Particle Packing - Yenra

Study of the random pouring of oblate spheroids has implications for the design of high-density ceramic materials for use in aerospace

Particle Packing

Paul Chaikin (left), professor of physics, and Salvatore Torquato, professor of chemistry, used M&M's candies to reveal fundamental principles governing the random packing of particles at Princeton University. Photo: Denise Applewhite (2004)

For most people, a regular lunch of M&M's and coffee would lead to no good. For Princeton physicist Paul Chaikin and collaborators, it spurred fundamental insights into an age-old problem in mathematics and physics.

Chaikin and Princeton chemist Salvatore Torquato used the candies to investigate the physical and mathematical principles that come into play when particles are poured randomly into a vessel. While seemingly simple, the question of how particles pack together has been a persistent scientific problem for hundreds of years and has implications for fields such as the design of high-density ceramic materials for use in aerospace or other applications.

The researchers discovered that oblate spheroids, the shape of M&M's chocolate candies, pack surprisingly more densely than regular spheres when poured randomly and shaken. Extending the work with further experiments and sophisticated computer simulations, they found that a related shape, the ellipsoid, packs at random even more densely than the tightest possible, perfectly ordered arrangement of spheres. Previously, scientists did not know that randomly assembled particles could pack so densely.

"It is a startling and wonderful result," said Sidney Nagel, a physicist at the University of Chicago. "One doesn't normally stop to think about this. If you did, you might have guessed what would happen, but you'd have guessed wrongly."

The researchers published their results in the Feb. 13 issue of Science magazine.

A surprising element of the results is that the small change from sphere to spheroid -- one is just a squashed or stretched version of the other -- produced a major change in the random packing density. When poured randomly, spheres occupy about 64 percent of the space in the container. M&M's, by contrast, achieve a density of about 68 percent. In non-random packings -- those that are laid out in regular repeating patterns -- changing from sphere to spheroid has no significant effect on the packing density.

"We just stretched a sphere and suddenly things changed dramatically," said Torquato. "I think that is remarkable."

The reason for the effect, the researchers proposed, is that distorted particles act like little levers and pivot when they push into one another. When the particles turn, the cluster becomes unstable and has to pack tighter before becoming jammed. Perfect spheres do not tend to turn and would remain equally stable even if they did.

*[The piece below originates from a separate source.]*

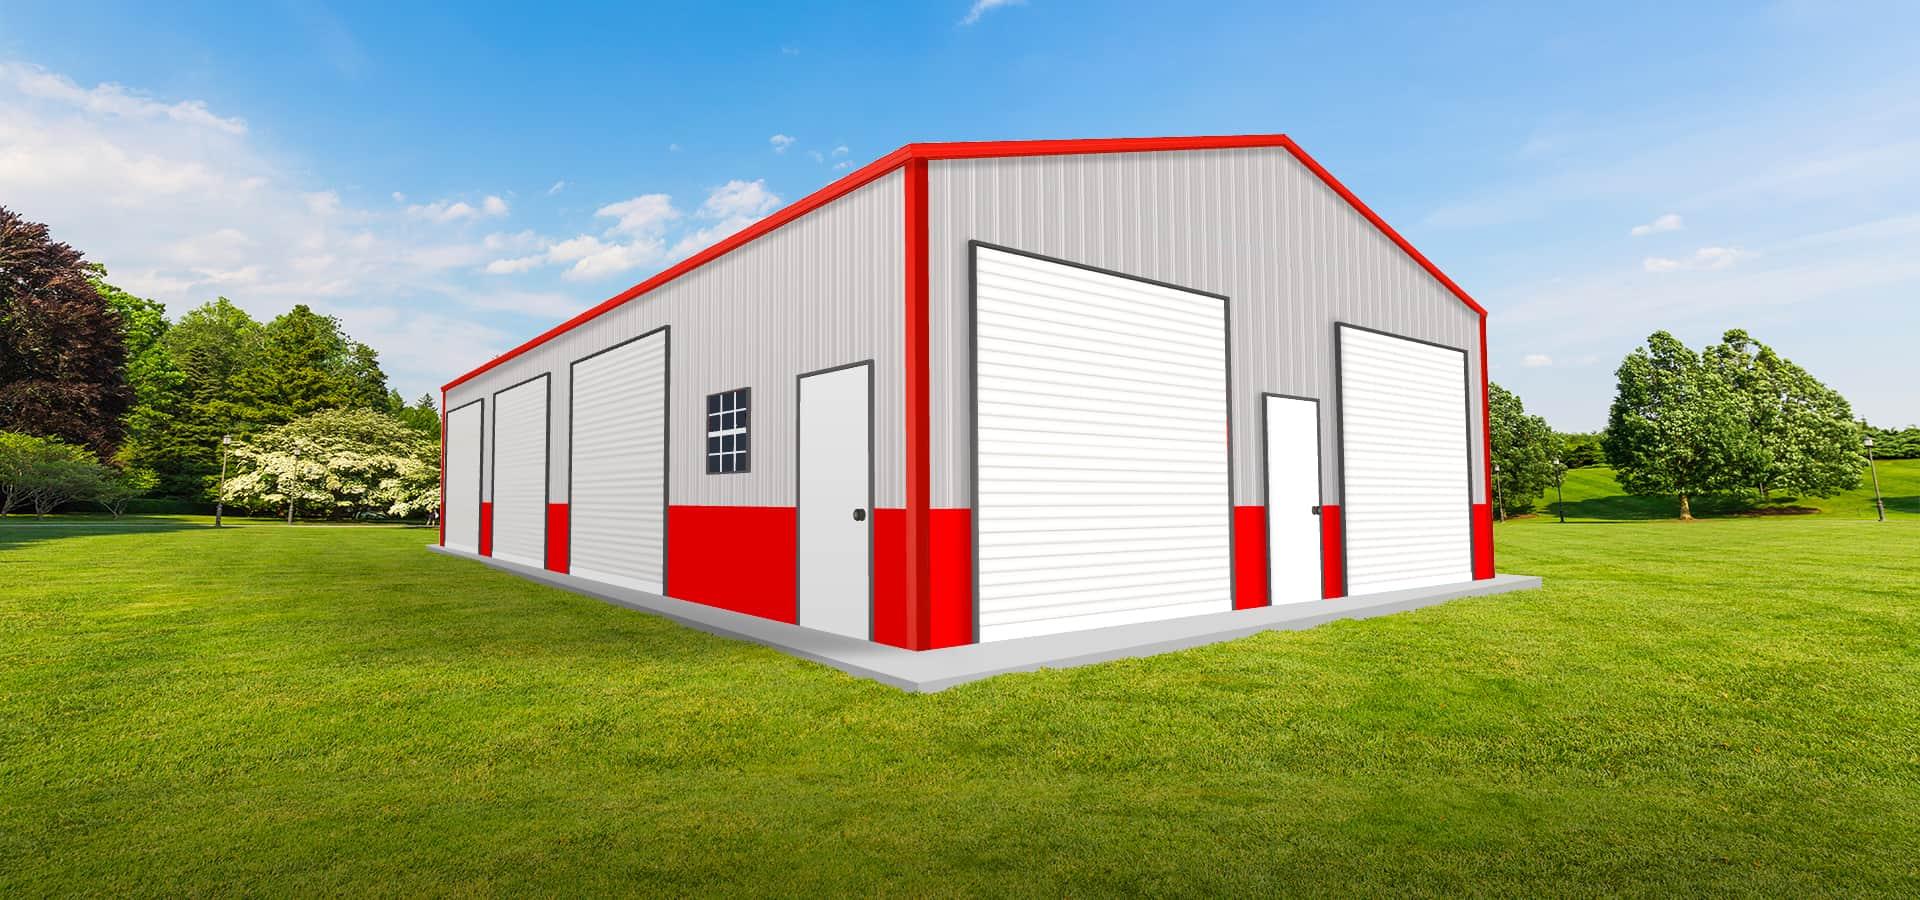 Carport Direct 1 Ecommerce Carport Dealer Buy Carports And Metal Structures Online

The study of particle packing dates to the 16th century when physicist and mathematician Johannes Kepler investigated ordered arrangements of spheres. It was not until 1998 that a mathematician proved that the densest possible arrangement of spheres fills 74.04 percent of the total space, as Kepler had predicted. The packing of randomly assembled particles is less well understood.

"There is still a tremendous intellectual puzzle in the way things like M&M's pack together," said Sir Sam Edwards, a physicist and authority on granular materials at Cambridge University. He said the new result is a "nice step forward" in clarifying the relation between particle shape, packing density and the methods used for pouring and shaking.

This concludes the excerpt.